Question

Plz help me I will die if sm one does not answer my question correctly it's the 6th question ....an umbrella ....I have given the picture of the figure just in case u need .plz help I beg of u

Answer 1

10 equal triangles; blue = 5 and grey = 5 (1/2 grey and 1/2 blue)

isosceles triangle has side equal 50 cm and base equal 20 cm

perimeter of triangle = 50 + 50 + 20 = 120 cm

1/2 perimeter (because each color = 1/2) = 120/2 = 60 cm

Area of each triangle = √60(60-50)(60-50)(60-20)

= √(60 x 10 x 10 x 40)

= 10√2400

= 200√6 cm^2

Because blue and grey has 5 triangles

so 200√6 x 5 = 1000√6 cm^2

Answer: Each color needs 1000√6 cm^2 cloth

Answer 2

Let's try to avoid any math fatalities. Yes, the figure is helpful.

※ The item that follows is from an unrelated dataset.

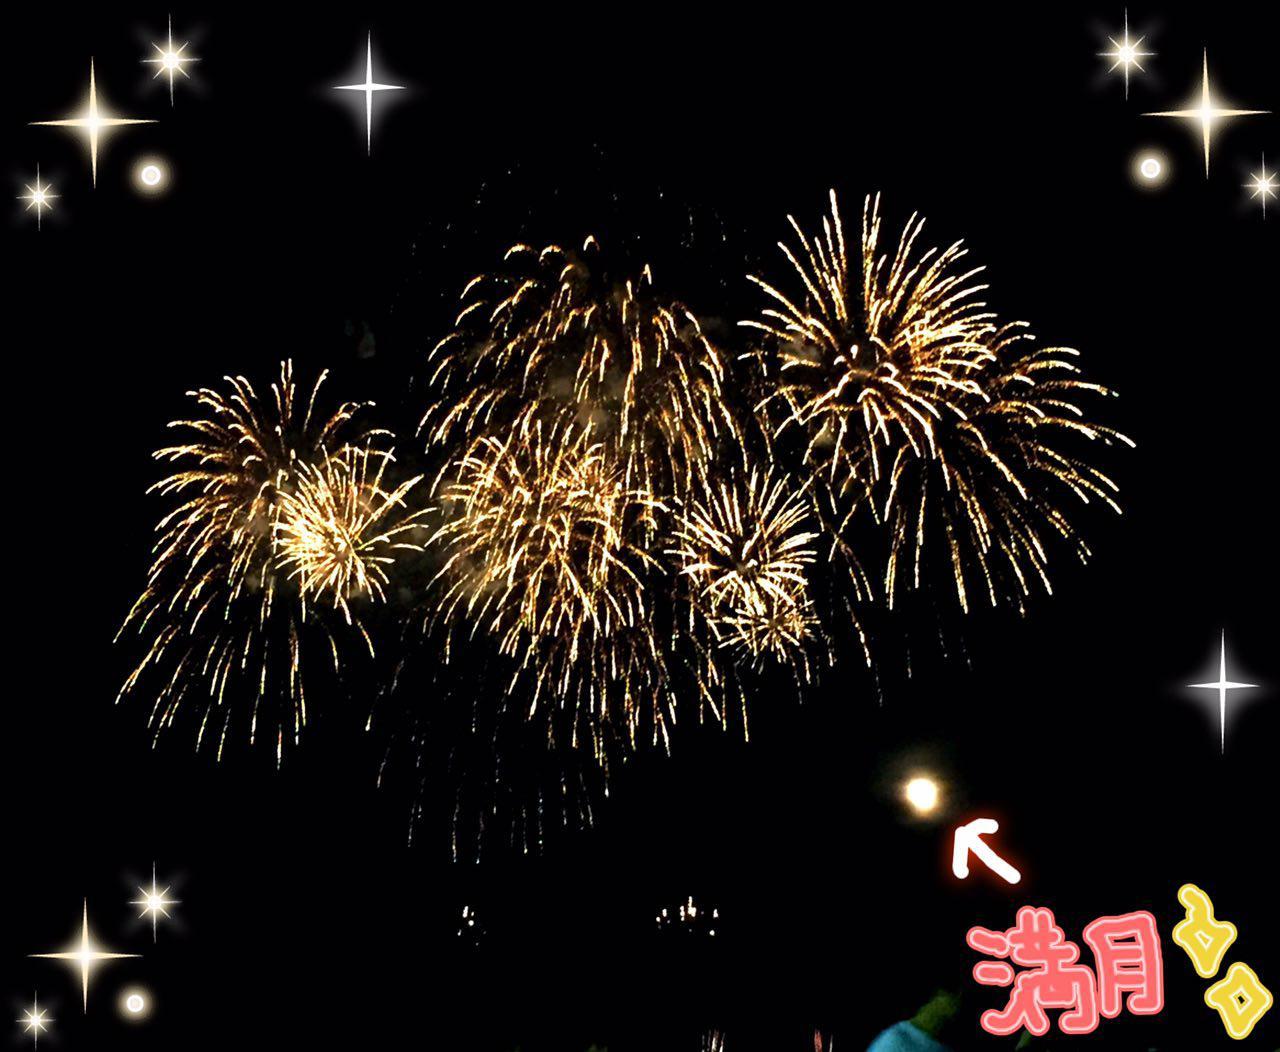 photo_2017-07-09_23-39-58.jpg

In practice this is a difficult problem dependent on the shape of the material from which we're to cut our pieces, and worrying about leftovers. Let's assume in middle school all they're asking for is the area of five blue triangles and the area of five white triangles.

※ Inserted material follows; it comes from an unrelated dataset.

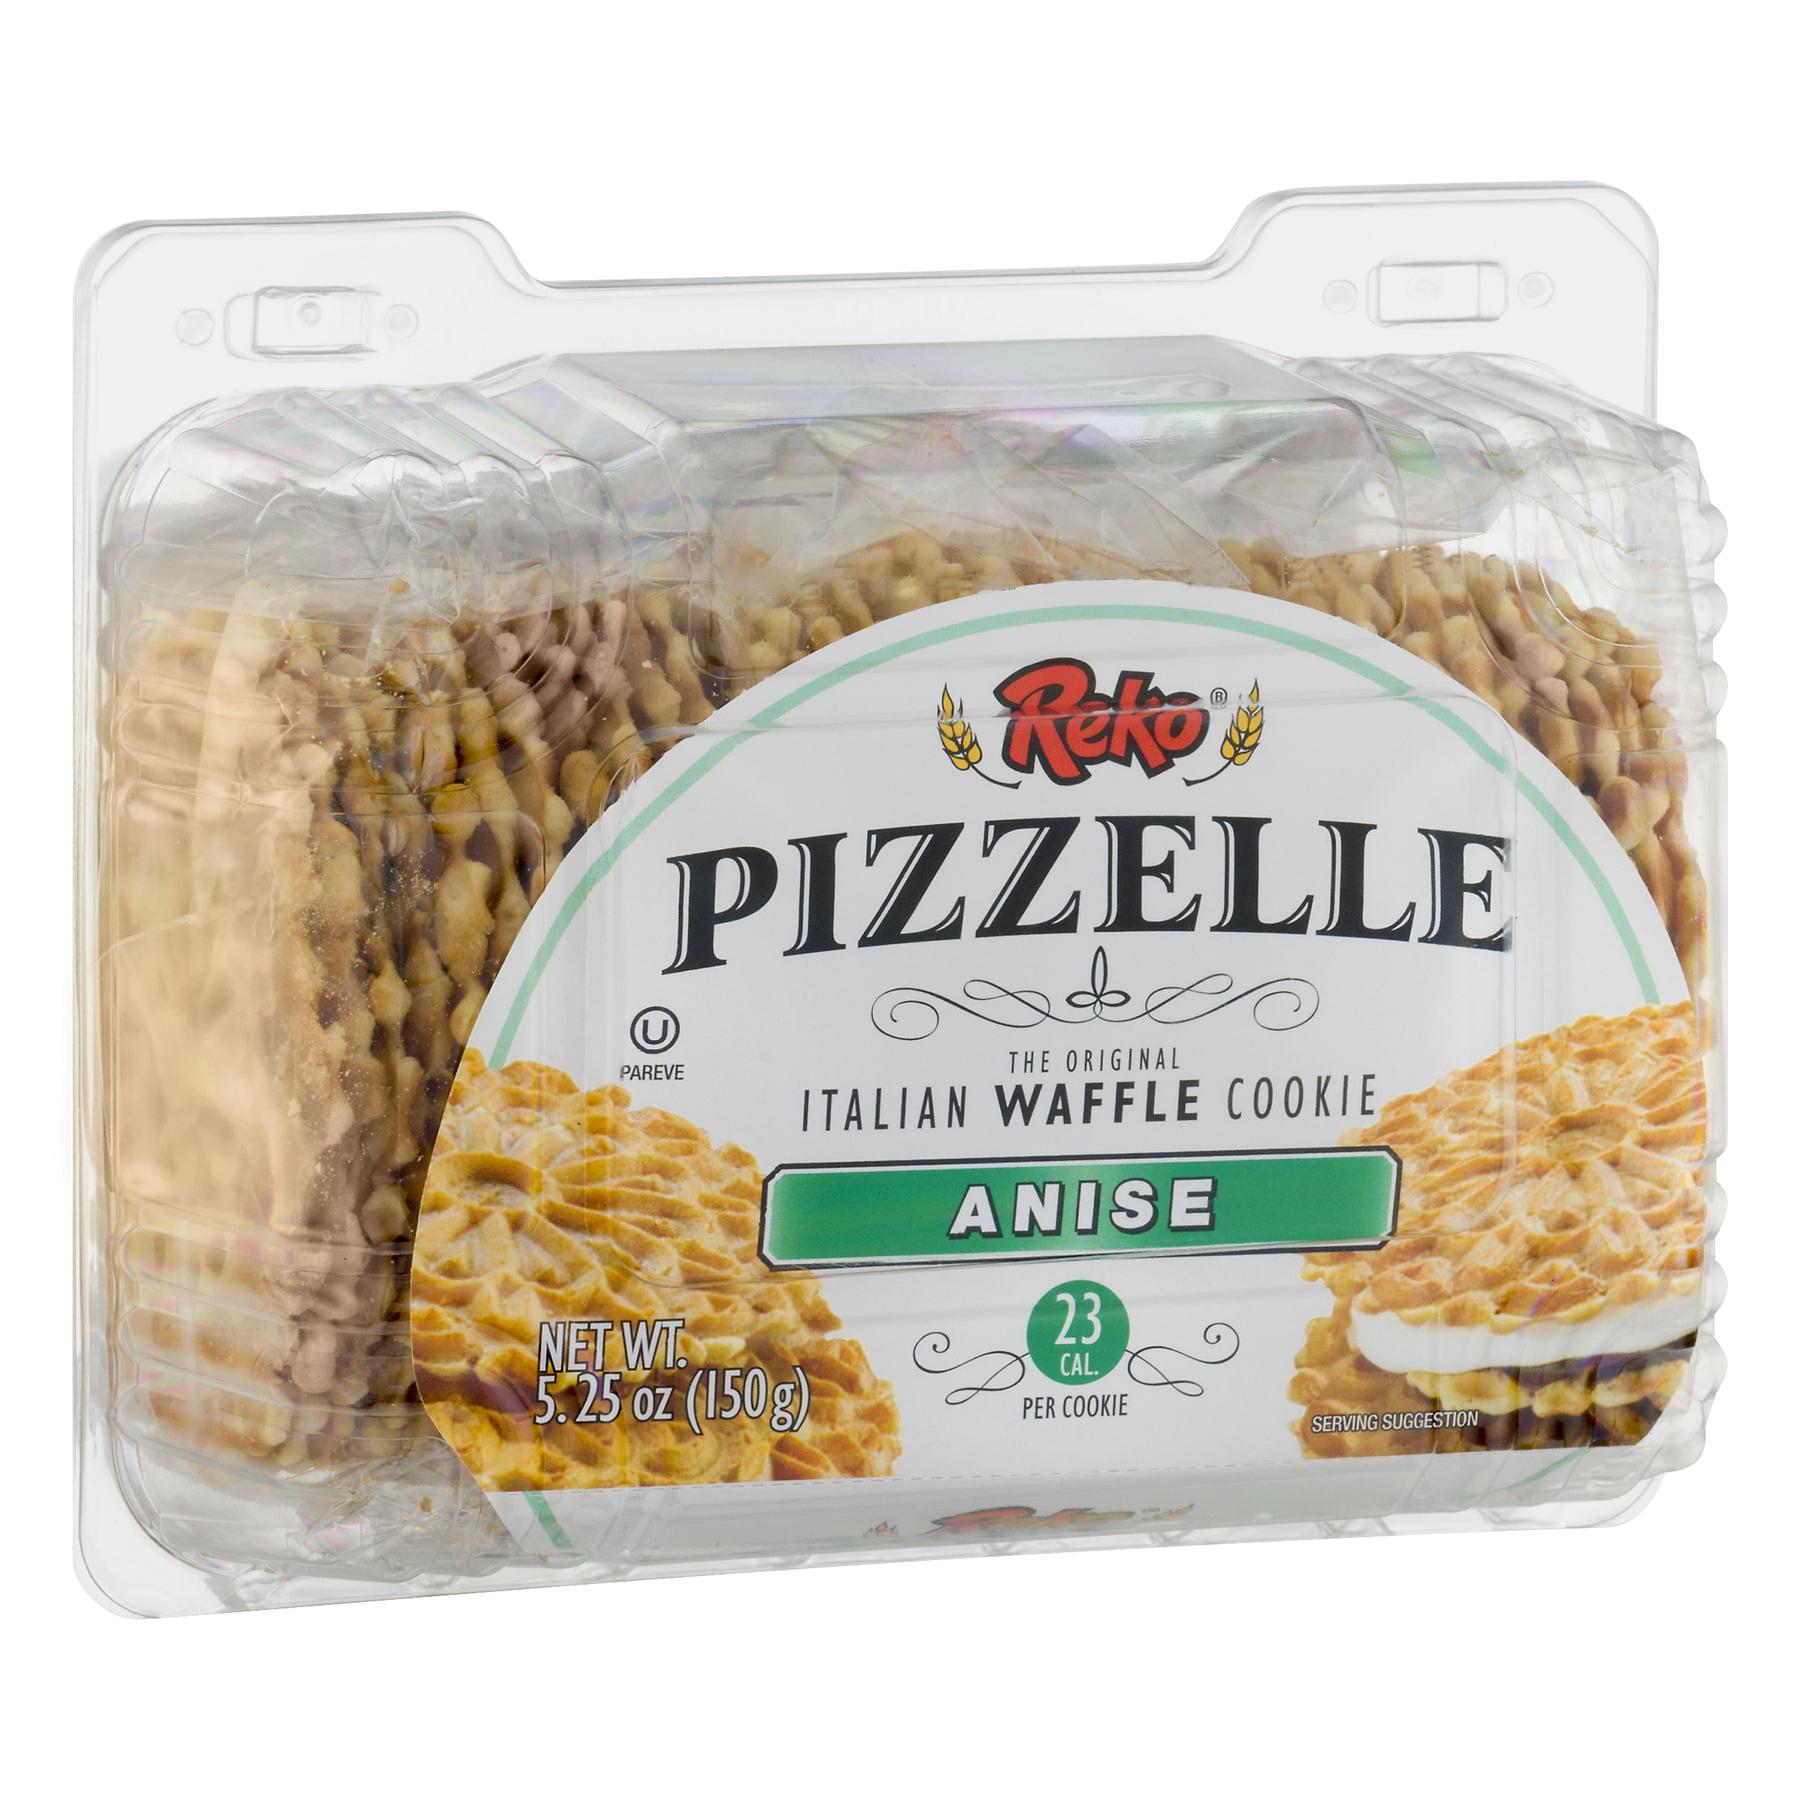 Reko Pizzelle Pizzelle Italian Cookies Anise 5.25oz - Walmart.com

The triangles are isosceles. The bisecting altitude h of an isosceles triangle forms a right triangle with other leg half the base and hypotenuse the common side.

`h^2 + (20/2)^2 = 50^2`

`h^2 = 2500-100=2400`

`h = √(2400) = √(400 * 6) = 20 √(6)`

`\textrm{area of 5 blue triangles} = 5(\frac 1 2 bh)= \frac 5 2 (20)20 √(6)} = 1000 √(6) \approx 2500 \textrm{ sq cm}`

Same amount for the white triangles.

EDIT:

The questioner is the rare student who knows Heron's Formula,

`A = √(s(s-a)(s-b)(s-c)) \textrm{ where } s=(a+b+c)/2`

We have the one case which works nicely, integer sides with an even perimeter. s=(50+50+20)/2=60, so

`A = √(60(60-50)(60-50)(60-20)) = √(60(10)(10)(40))=200 \sqrt 6`

and we need five of those for each color.

There are other formulas, often better than Heron's:

`16A^2 = (a+b+c)(-a+b+c)(a-b+c)(a+b-c)=4a^2b^2-(c^2-a^2-b^2)^2=(a^2+b^2+c^2)^2 - 2(a^4+b^4+c^4)`

I'll leave those for you to derive for yourself; start from Heron.